For a start, you probably only want to store the records relevant to your app. For example, I doubt that Tangled (https://tangled.org/), which is an AT app, has a database with every Bluesky post. That seems absurd because Tangled is focused on a completely different use case — a social layer around Git. So Tangled only indexes records like "Tangled repo", "Tangled follow", "Tangled star", and so on.

Naturally, Tangled wants to index all posts related to Tangled — that's just how apps work. If you wanted to build a centralized app, you'd also want it to contain the whole database of what you want the app to show. This isn't specific to AT, that's just common sense—to be able to show every possible post on demand with aggregated information (such as like counts), you have to index that information, hit someone else's index, or fetch posts from the source (but then you won't know the aggregated like counts).

That said — if you want to build a copy of a specific app (like Bluesky) but filtered down to just the people you follow (with no global search, algorithmic feeds, etc), you absolutely can, as I've linked earlier. Or you can build something hybrid relying on global caches, or some other subset of the network (say, last 2 weeks of posts). How you do indexing is up to you.
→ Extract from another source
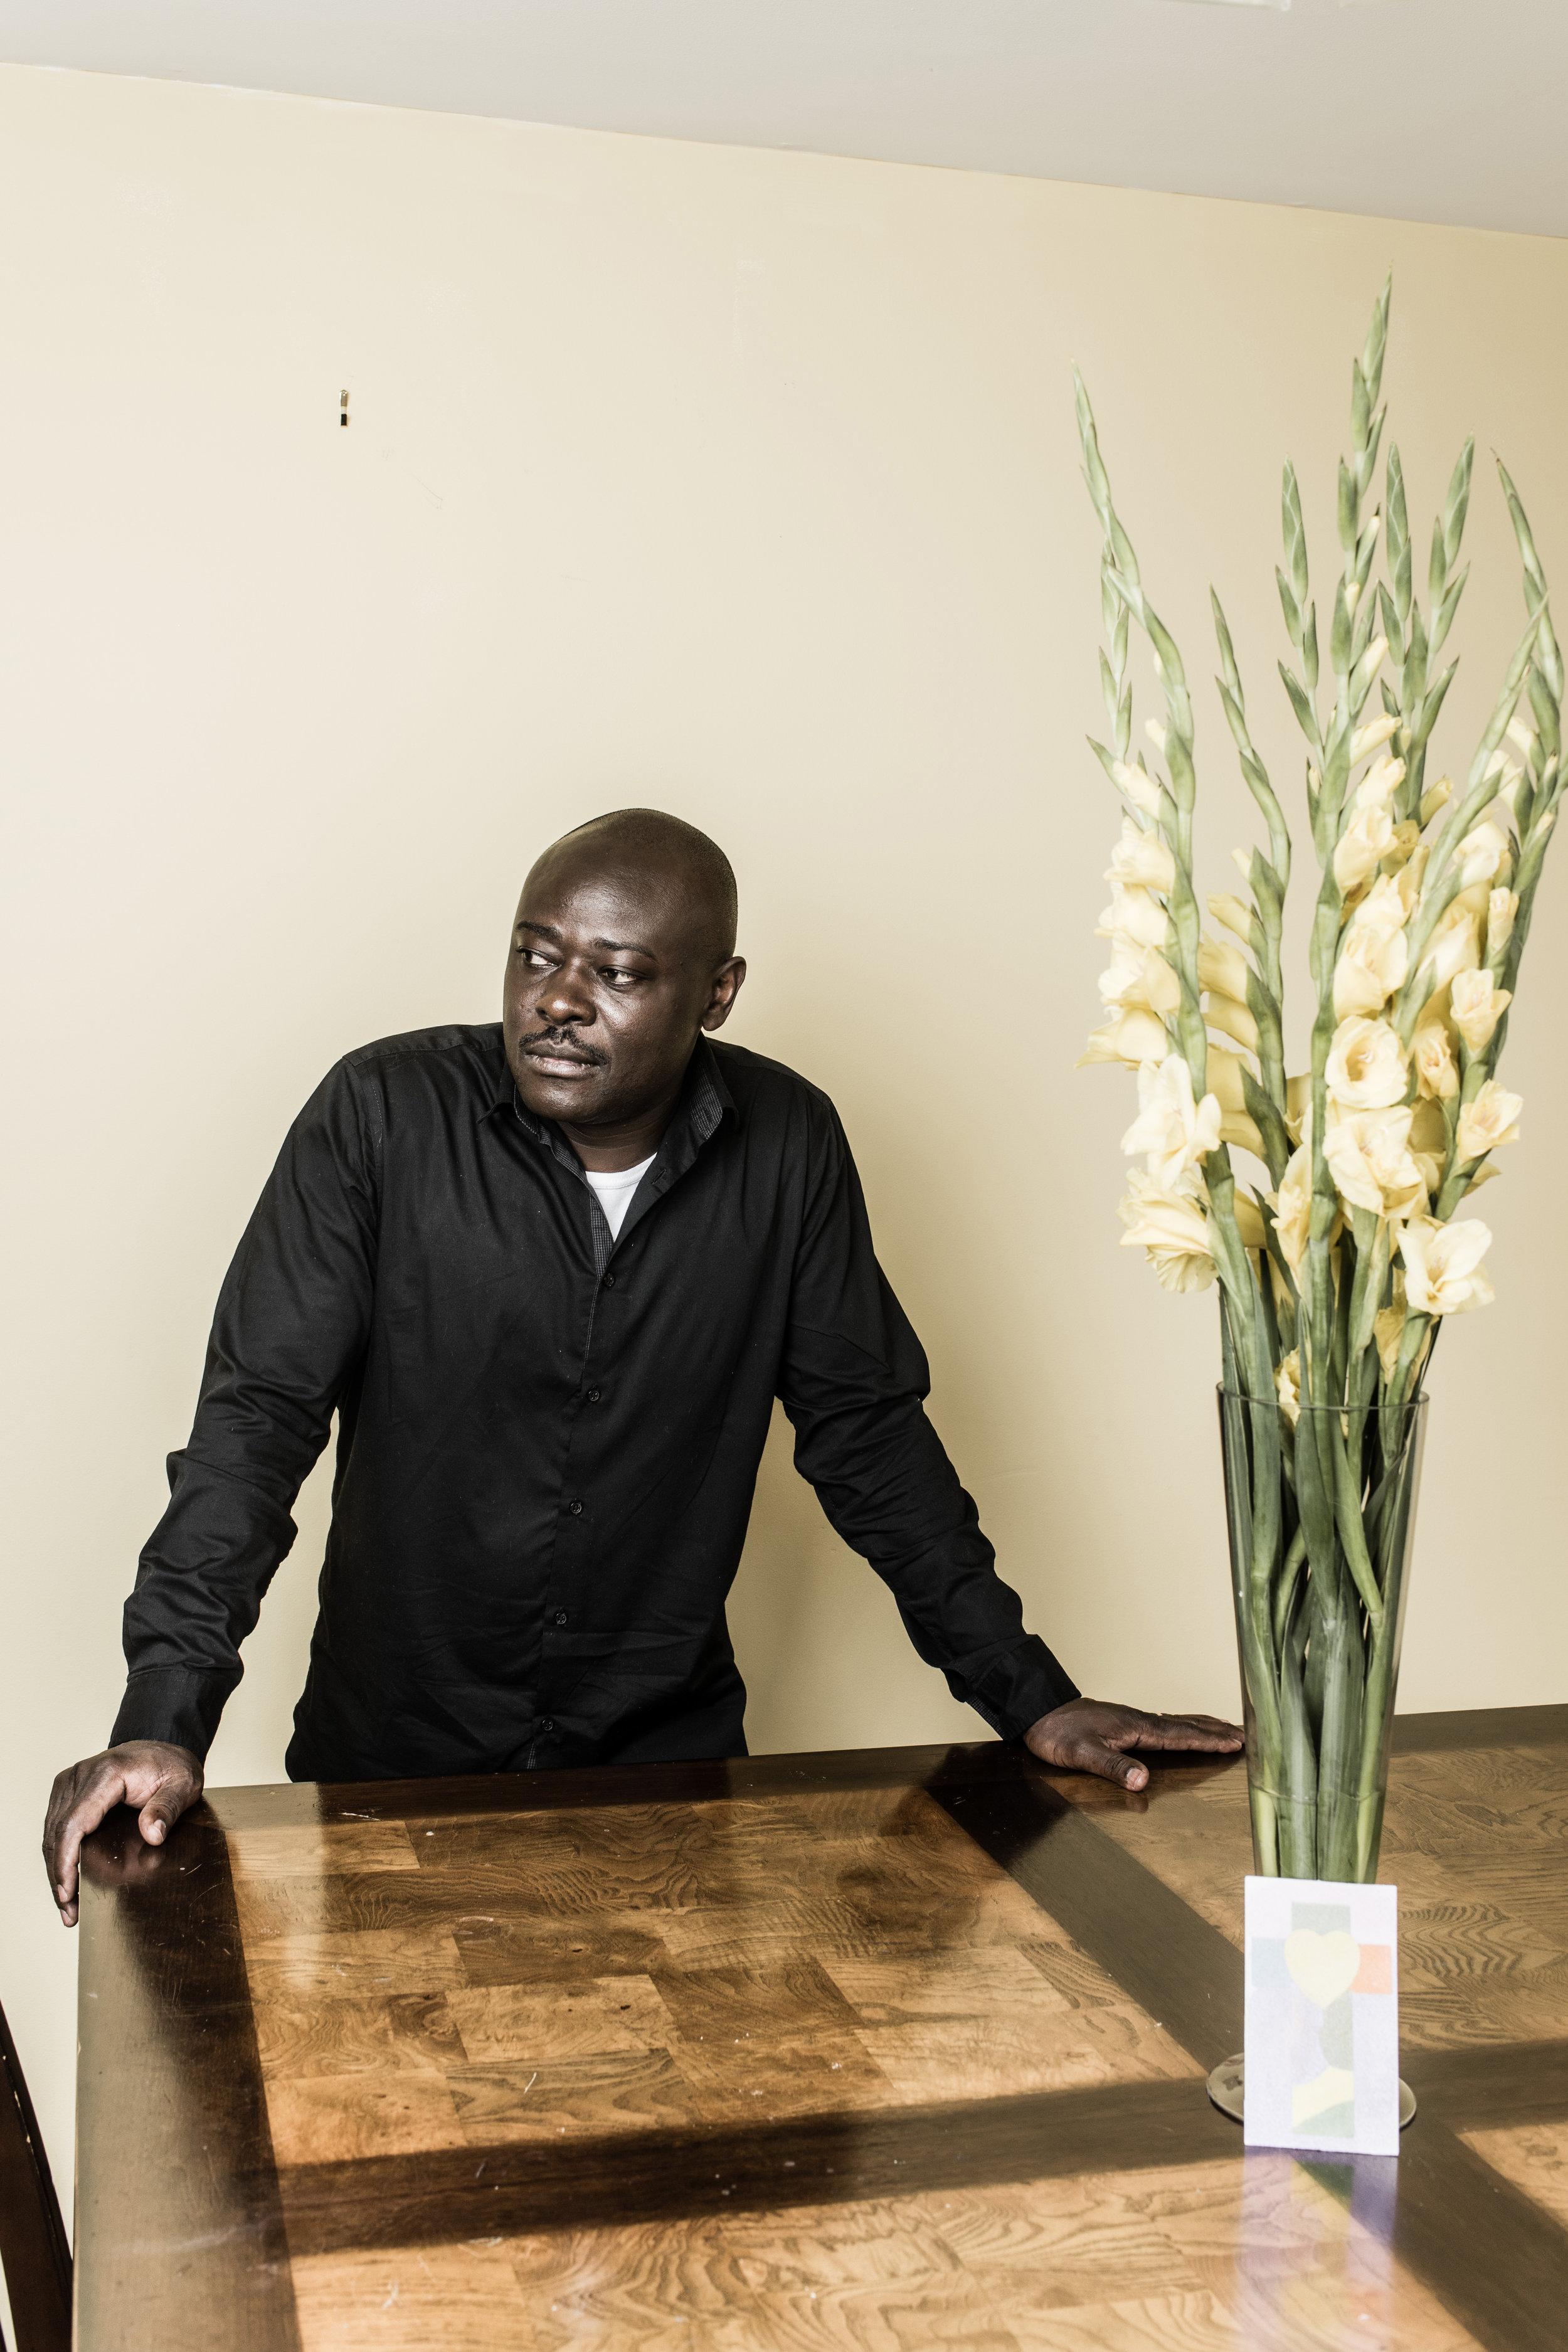 Author Helon Habila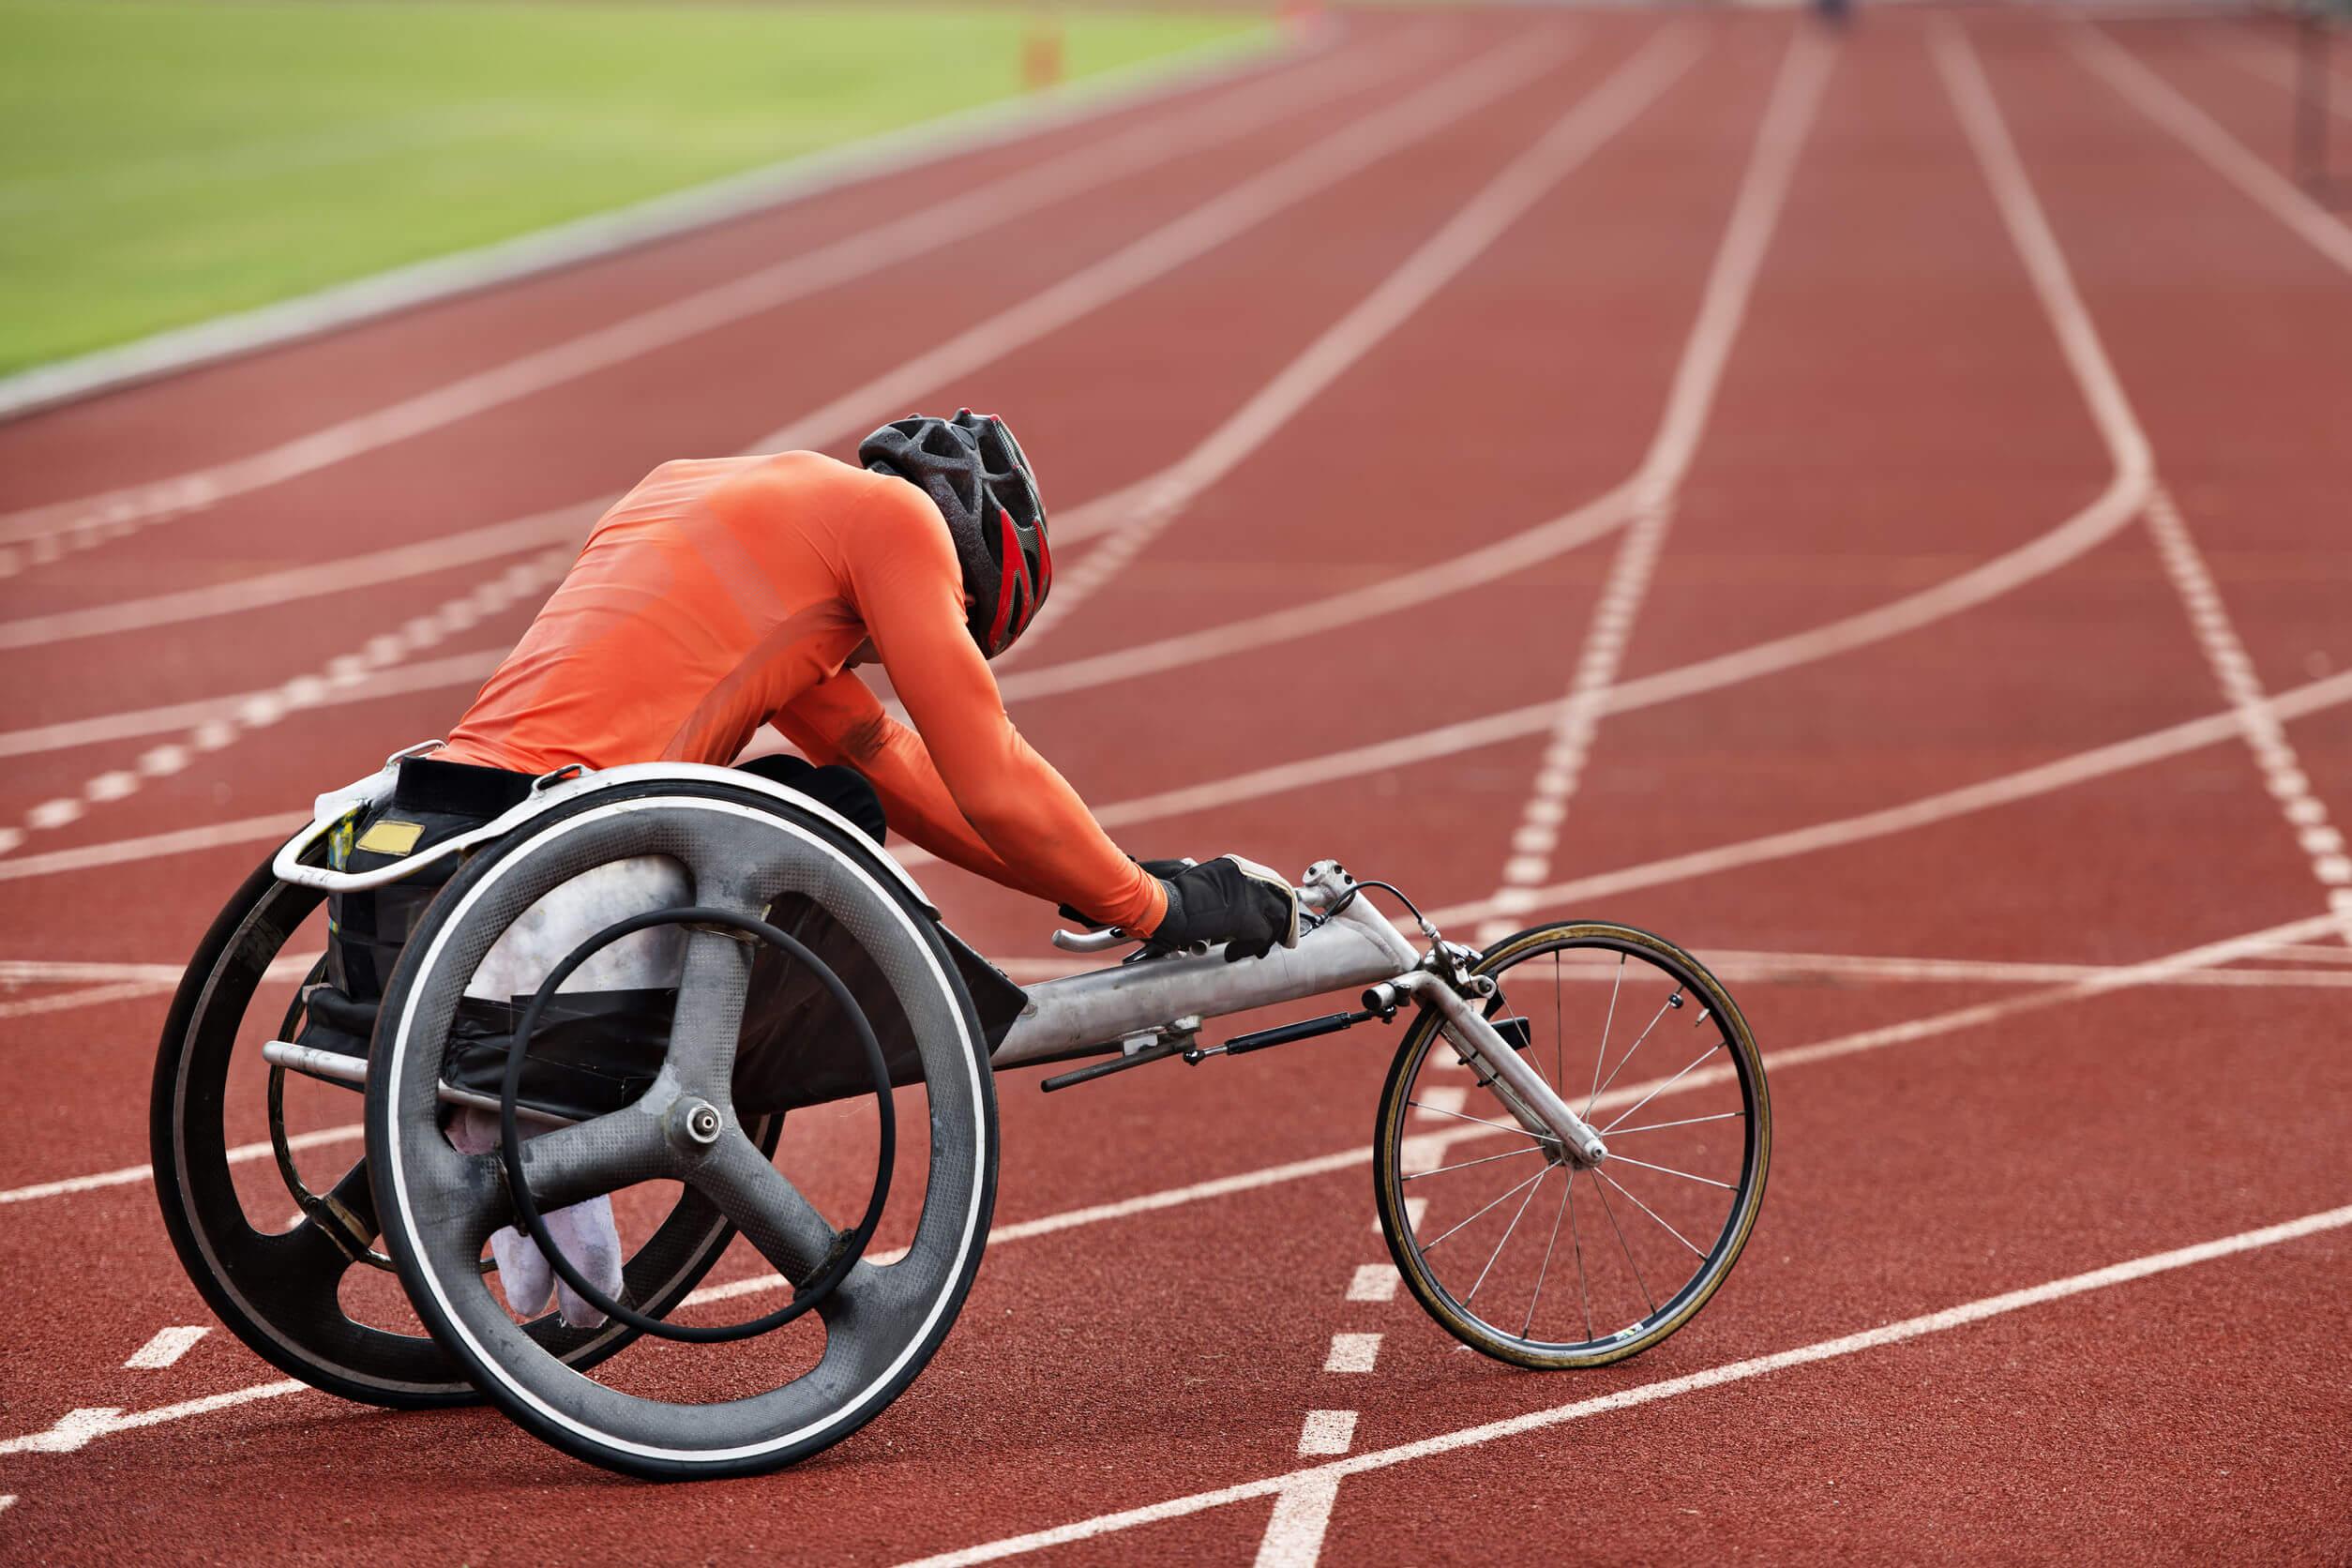 mySupply supports Parasport Danmark 2018

You're the developer here.


> The reason you don't see more of these is because an isolated experience is... well, isolated.

I don't understand why you become isolated once you've built your own app, it it because the bluesky firehouse has to decide to index posts I make on my server? I guess I'm asking how does an application decide which sources to index from, just anyone advertising that they are serving that lexicon? Why then would I become isolated by virtue of hosting only data I want to host/indexing only feeds I care to index?

(Thanks in advance I do want to grok this...)


Hmm, no, that’s not what I meant. Let me try to break it down a bit.

There’s really two main kinds of nodes in the system. Hosting servers and app servers. They’re completely unrelated and completely decoupled. It’s like Dropbox vs apps that put data in your Dropbox.

A hosting server stores your personal data. This is similar to having a Git repository with data from all social apps. Or like a Dropbox folder. That’s usually called a “PDS” — a personal data server. Running one is extremely cheap since it’s only your data. It is also optional (eg Bluesky provides AT hosting for free). But this is not an app — it’s literally like Git hosting. Just the data (for all apps).

Then you have app backends. Those are just normal servers. They’re what you’d typically think of web applications. The Bluesky app is one of them. An application server listens to events from all known hosting servers and updates its local database with whatever it’s interested in from the stream. For example, the Bluesky application server updates its local database to put all “post created”, “like created” etc events from all hosting servers into its database that it can query.

So as an app author you have a lot of freedom for what to build:

- You can build a new app that only listens to record of your app’s type. So naturally it would only index your app’s users’ content. Which is presumably not much.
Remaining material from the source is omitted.